Exercise directions - Every picture should be left out, but the lines below must be repeated exactly.

Source material -

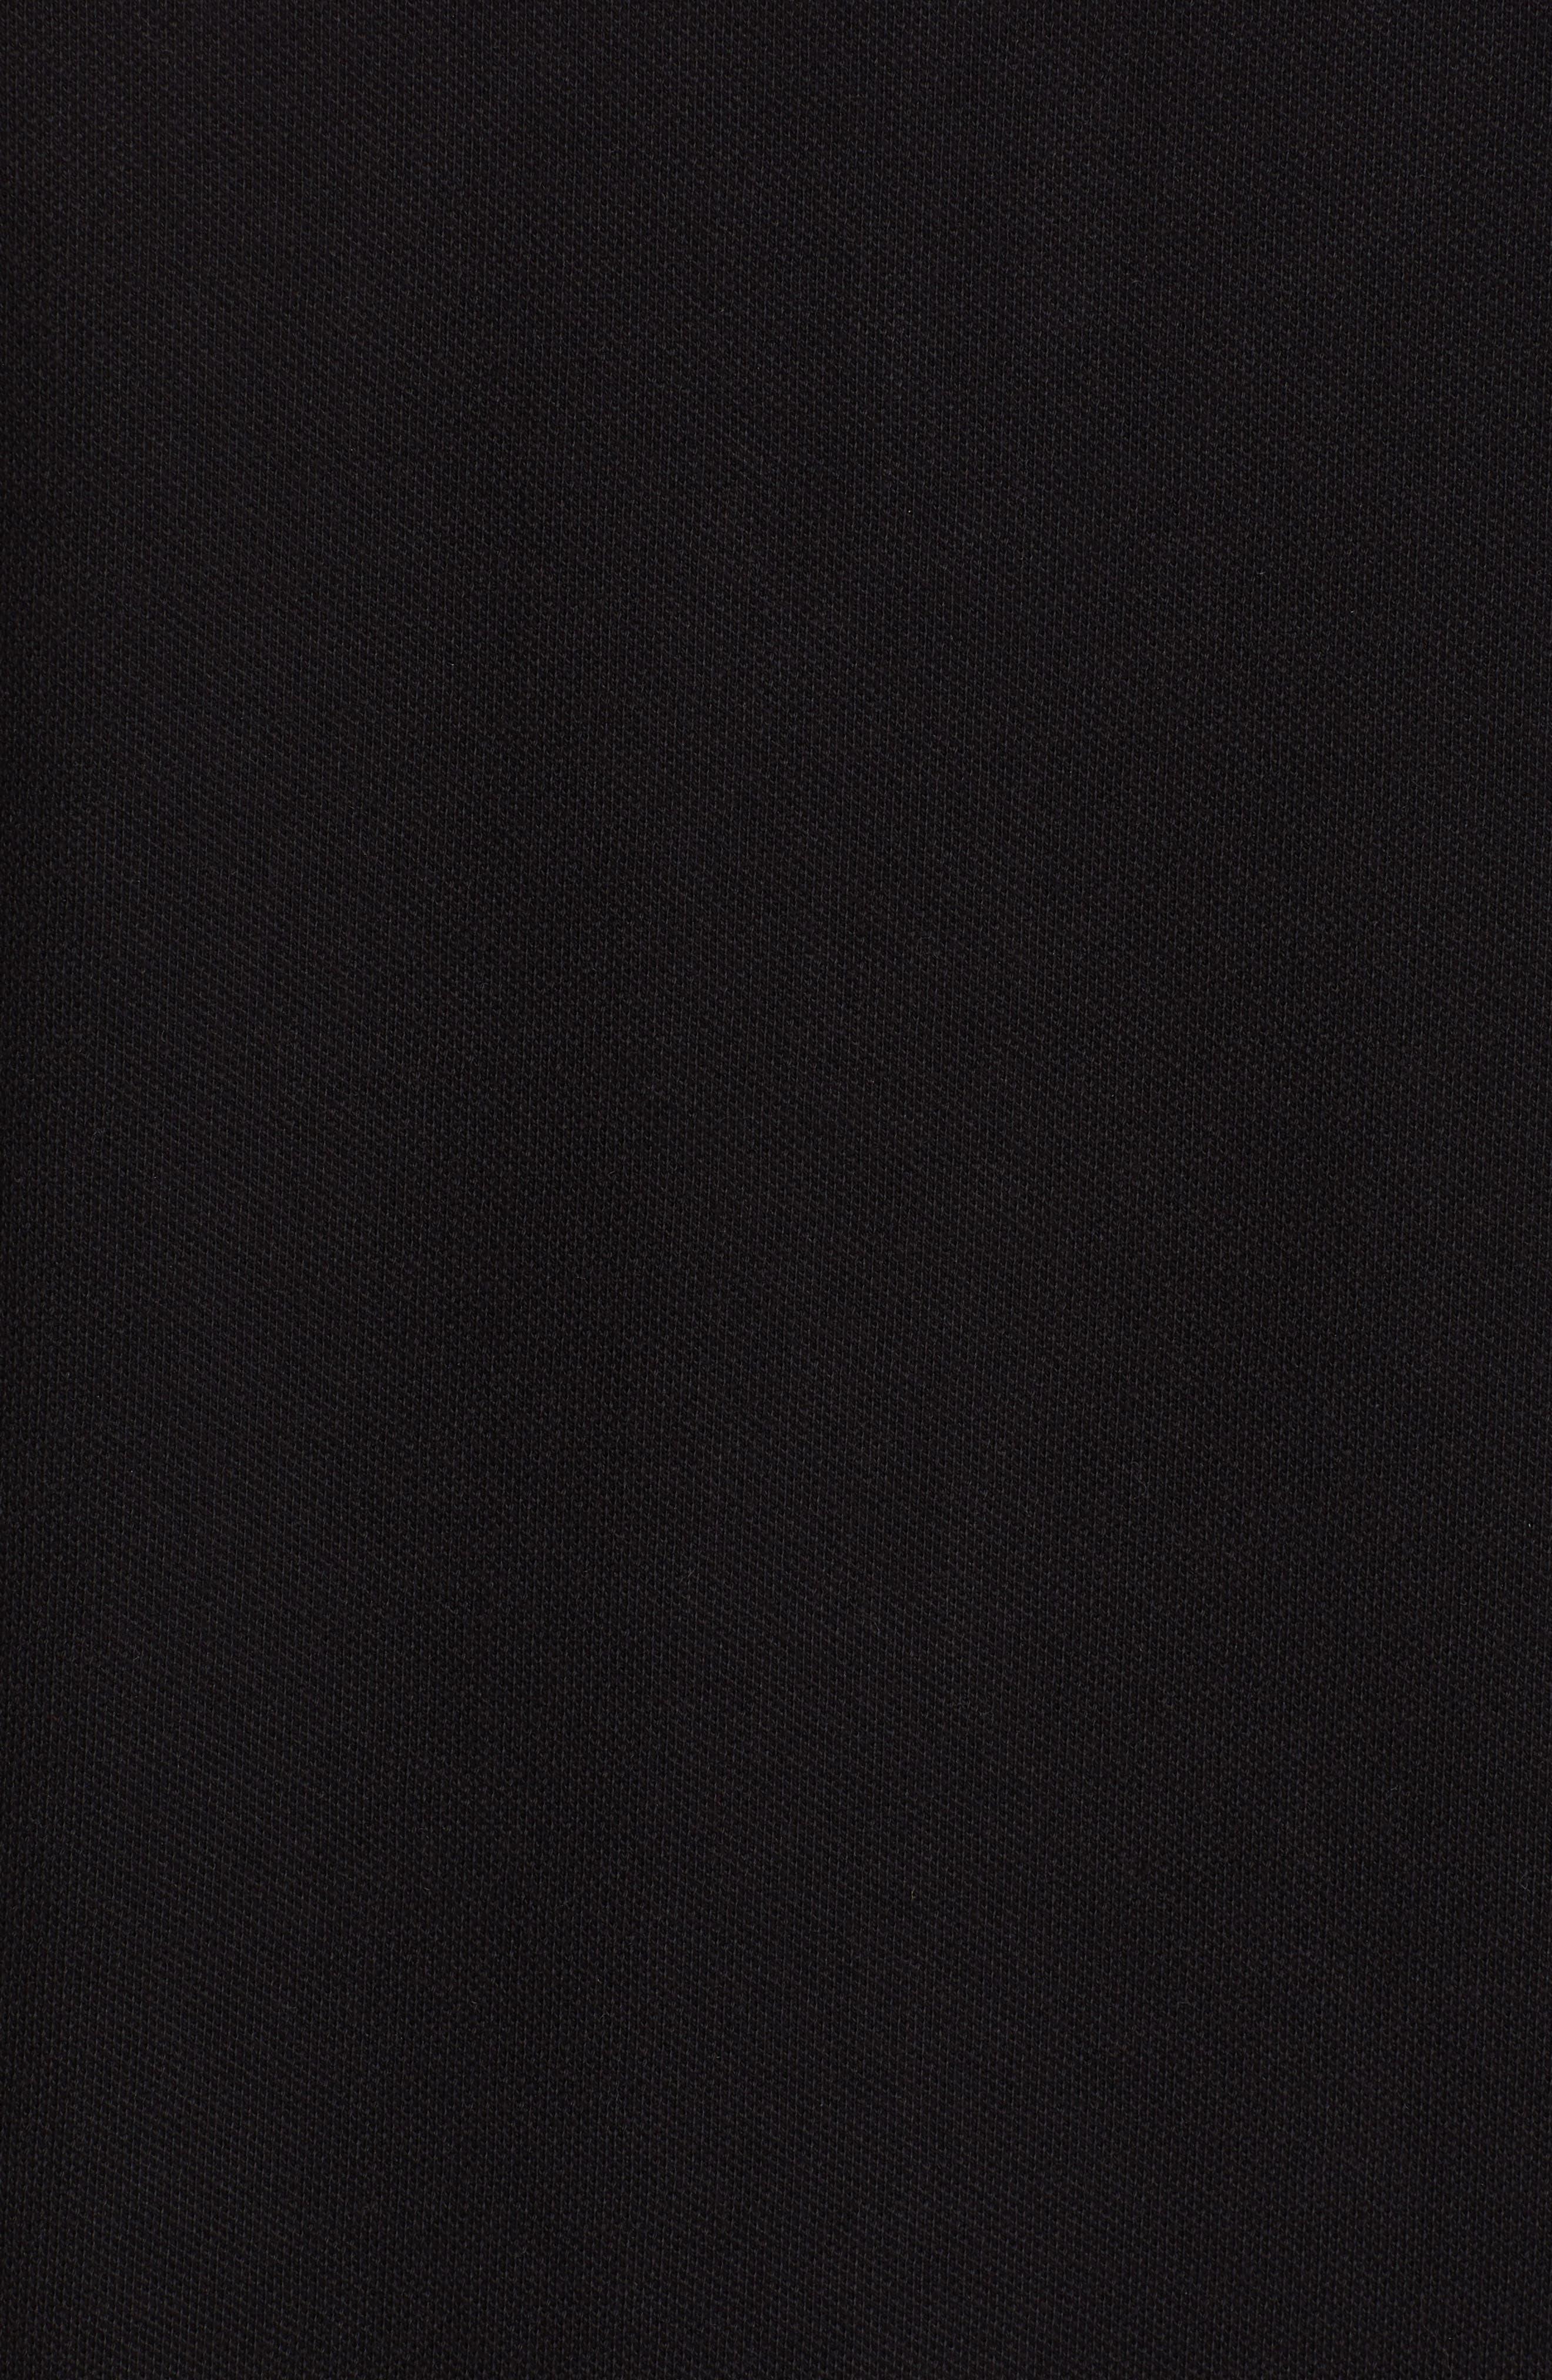 VERSACE COLLECTION, Geometric Pique Polo, Alternate thumbnail 5, color, 001
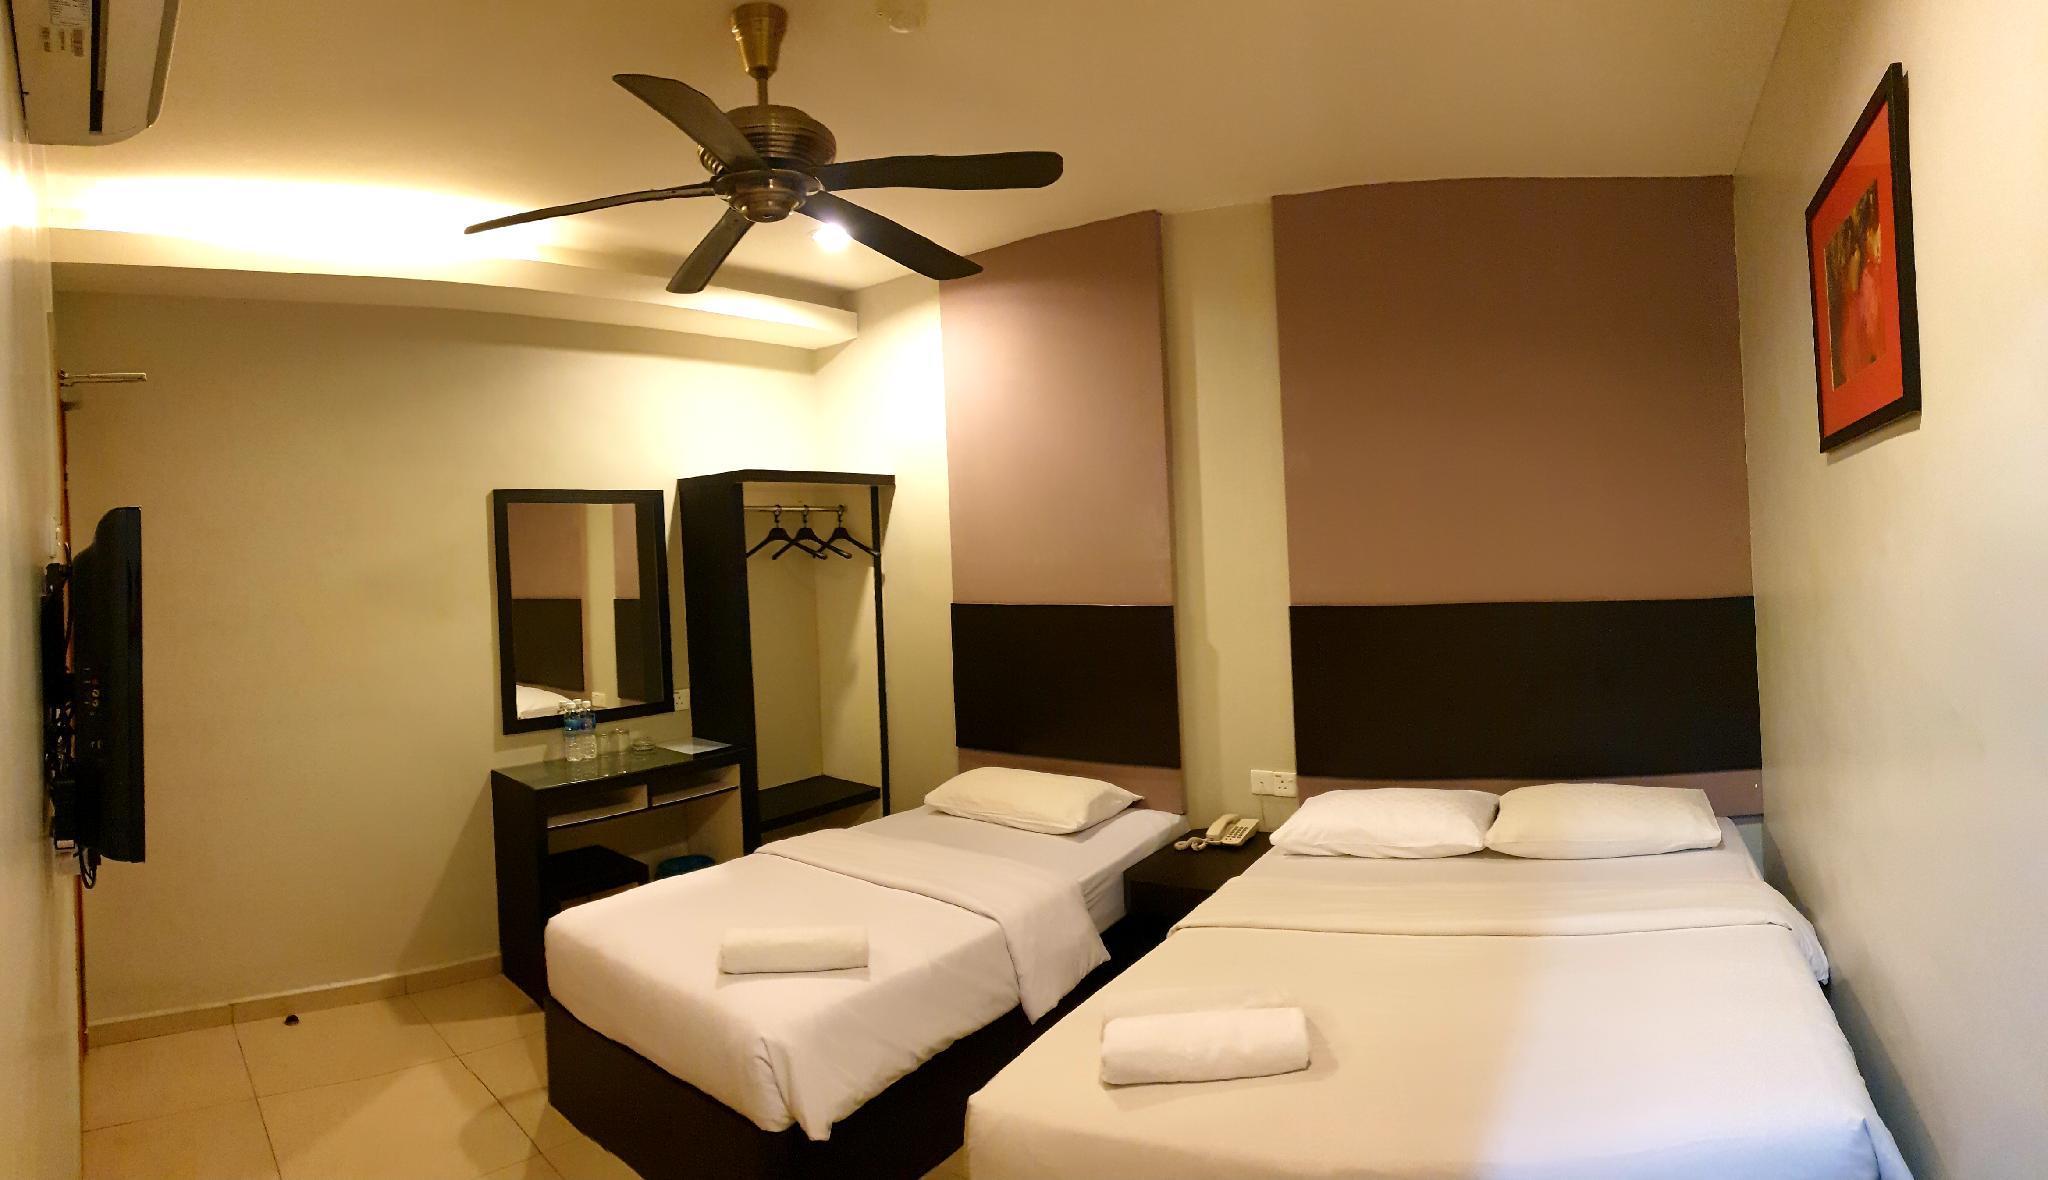 Golden Court Hotel @ Jalan Tun Abdul Razak, Johor Bahru
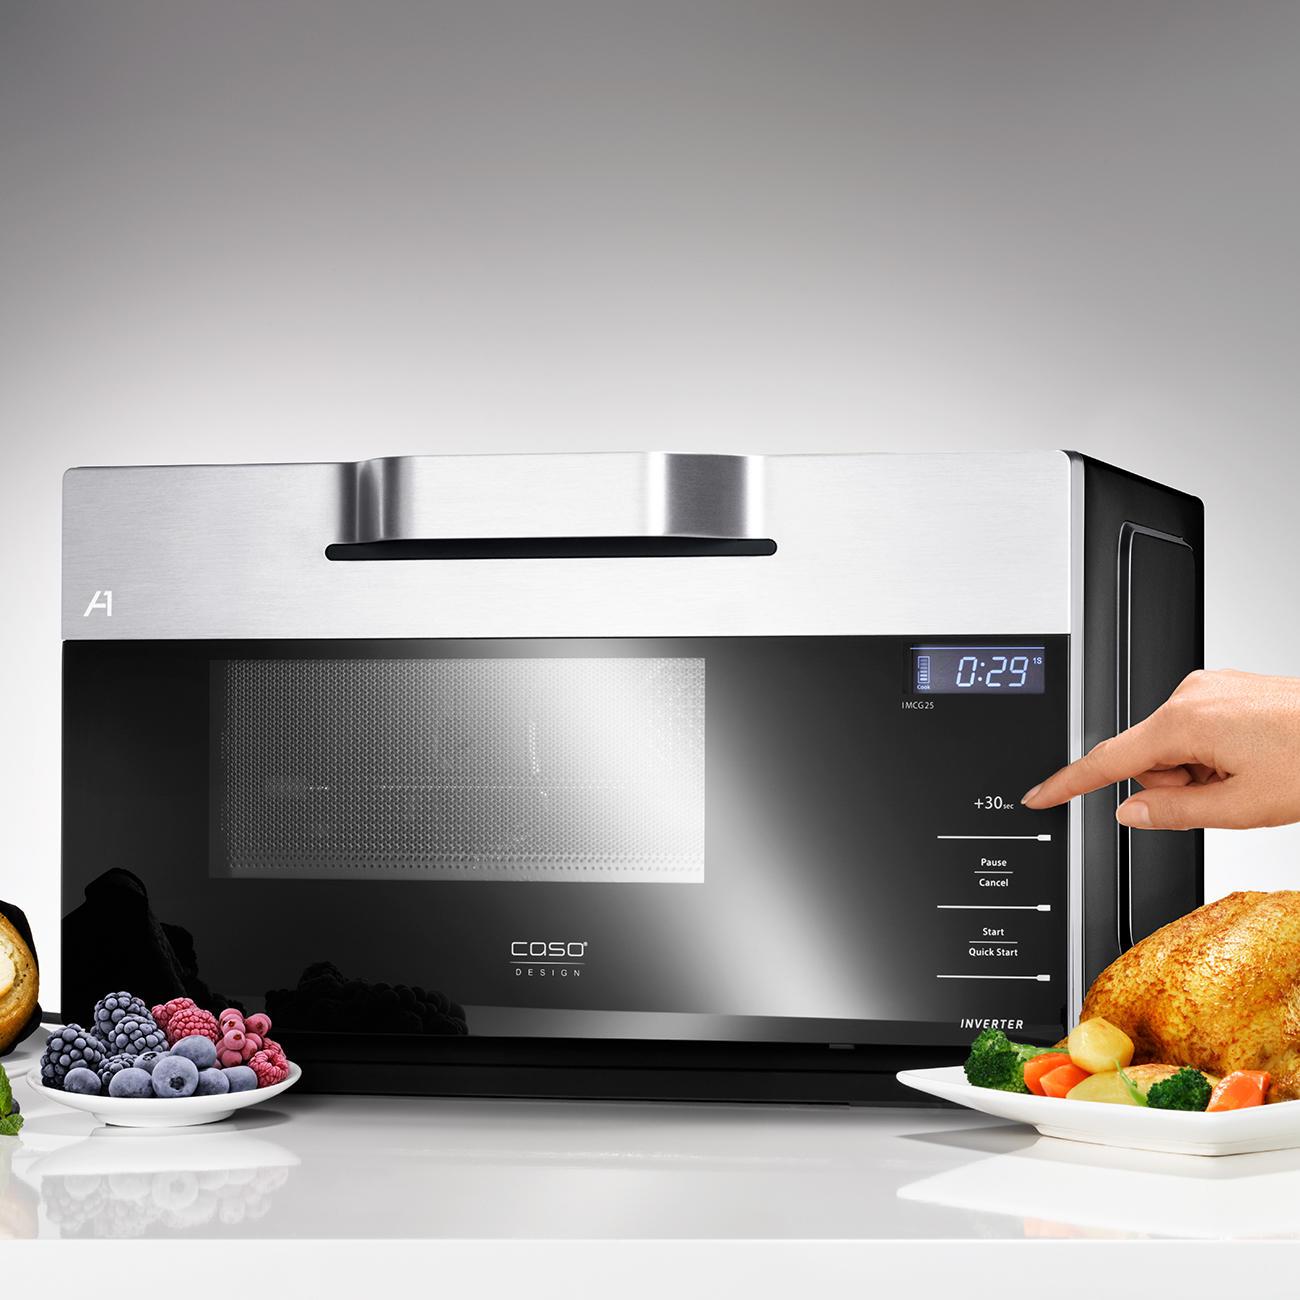 Micro ondes combin technologie inverter imcg25 pas cher for Technologie cuisine

Answer space -
 VERSACE COLLECTION, Geometric Pique Polo, Alternate thumbnail 5, color, 001
 Golden Court Hotel @ Jalan Tun Abdul Razak, Johor Bahru
 Micro ondes combin technologie inverter imcg25 pas cher for Technologie cuisine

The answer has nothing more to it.